Preparation and properties of Al2O3-reinforced Cu-Ni-Sn metallic matrix for applications in diamond-cutting tools

ABSTRACT A Cu-Ni-Sn matrix reinforced by Al2O3 particles (referred as CuNiSn/Al2O3) has been developed as a potential substitute for cobalt to fabricate diamond-cutting tools. CuNiSn/Al2O3 powder was first prepared through high energy ball milling, which was consolidated by hot pressing at 880 °C to a virtually pore-free matrix and diamond tools containing 10 vol% diamond grits separately. For comparison, a cobalt matrix and cobalt diamond tools were also prepared. The friction and wear behaviors of the matrixes and the diamond tools were investigated against ZrO2 balls under dry sliding in air on a ball-on-disk tester.
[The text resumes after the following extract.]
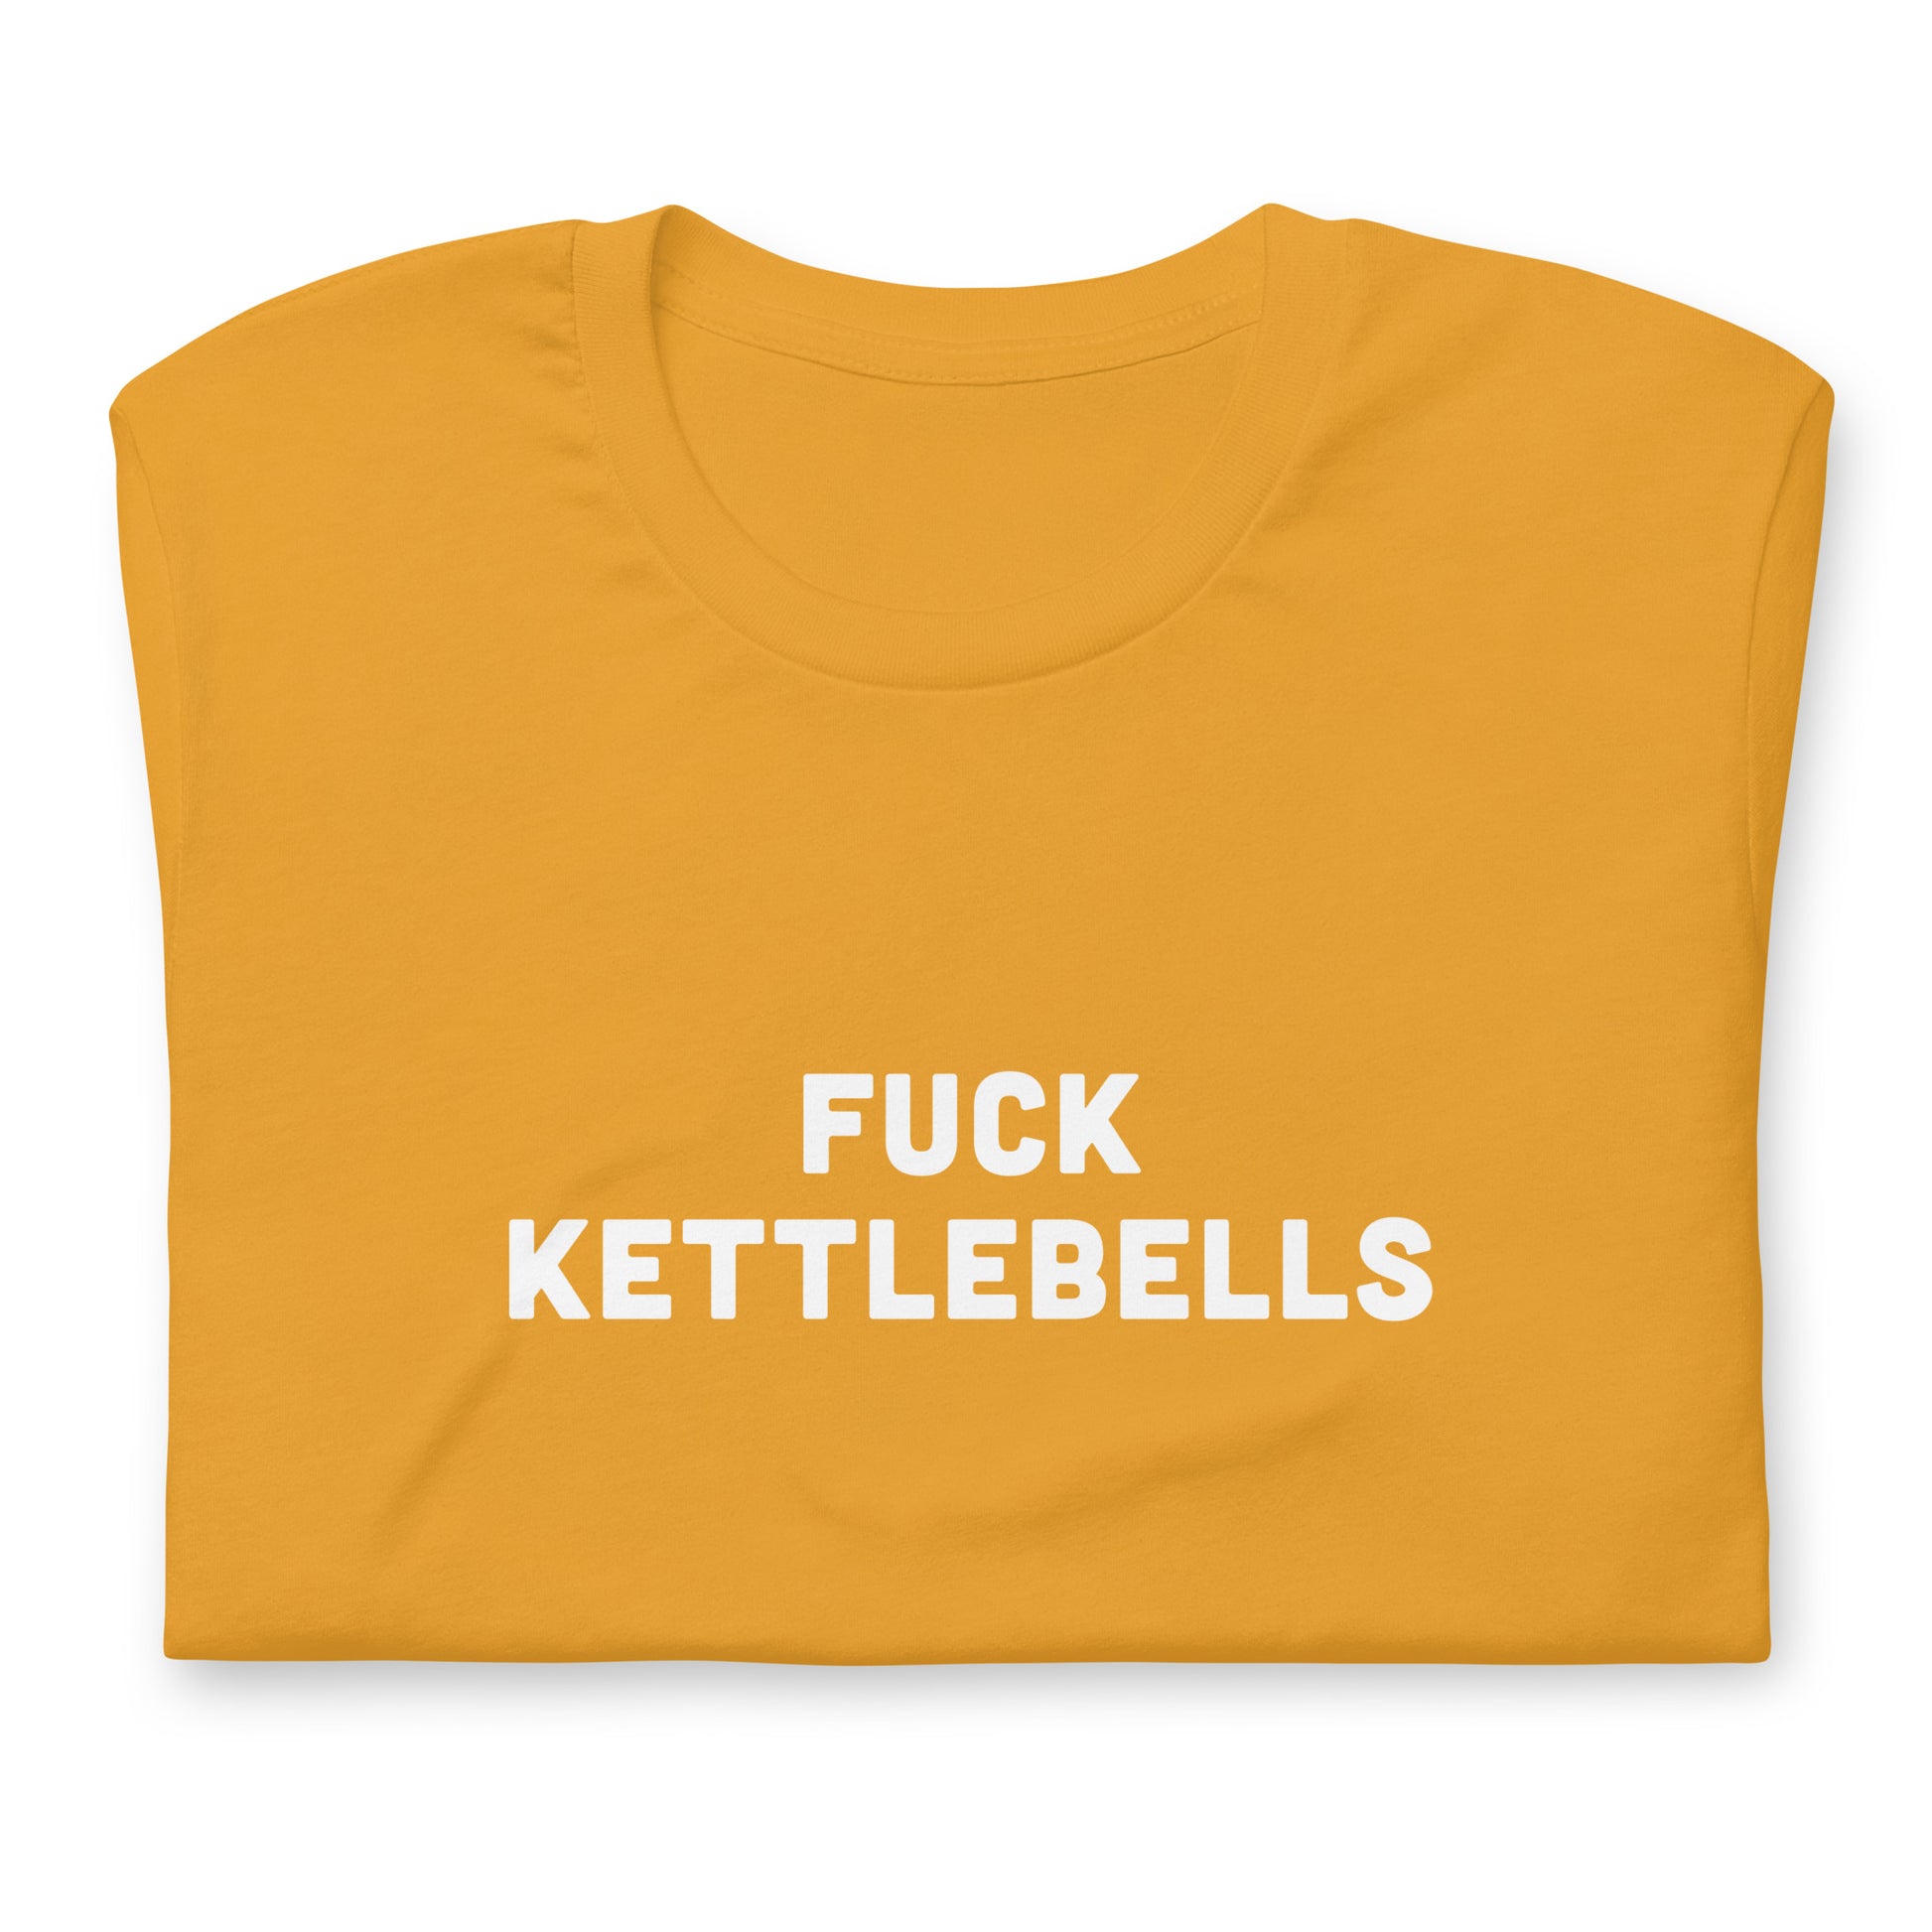 Fuck Kettlebells T-Shirt Size L Color Forest

The hardness, bending strength and bending elastic modulus of the CuNiSn/Al2O3 matrix are 99 HRB, 1308 MPa and 75.6 GPa, respectively, which are close to those of the cobalt matrix. However, the CuNiSn/Al2O3 matrix exhibits a more stable friction coefficient and higher wear resistance than the cobalt matrix, and ZrO2 can be more effectively grinded off by CuNiSn/Al2O3 diamond tools than cobalt diamond tools. With detailed microstructural analyses, the possible friction and wear mechanism are discussed. The new CuNiSn/Al2O3 matrix is promising for fabricating diamond tools with low cost, high processing efficiency and long service life.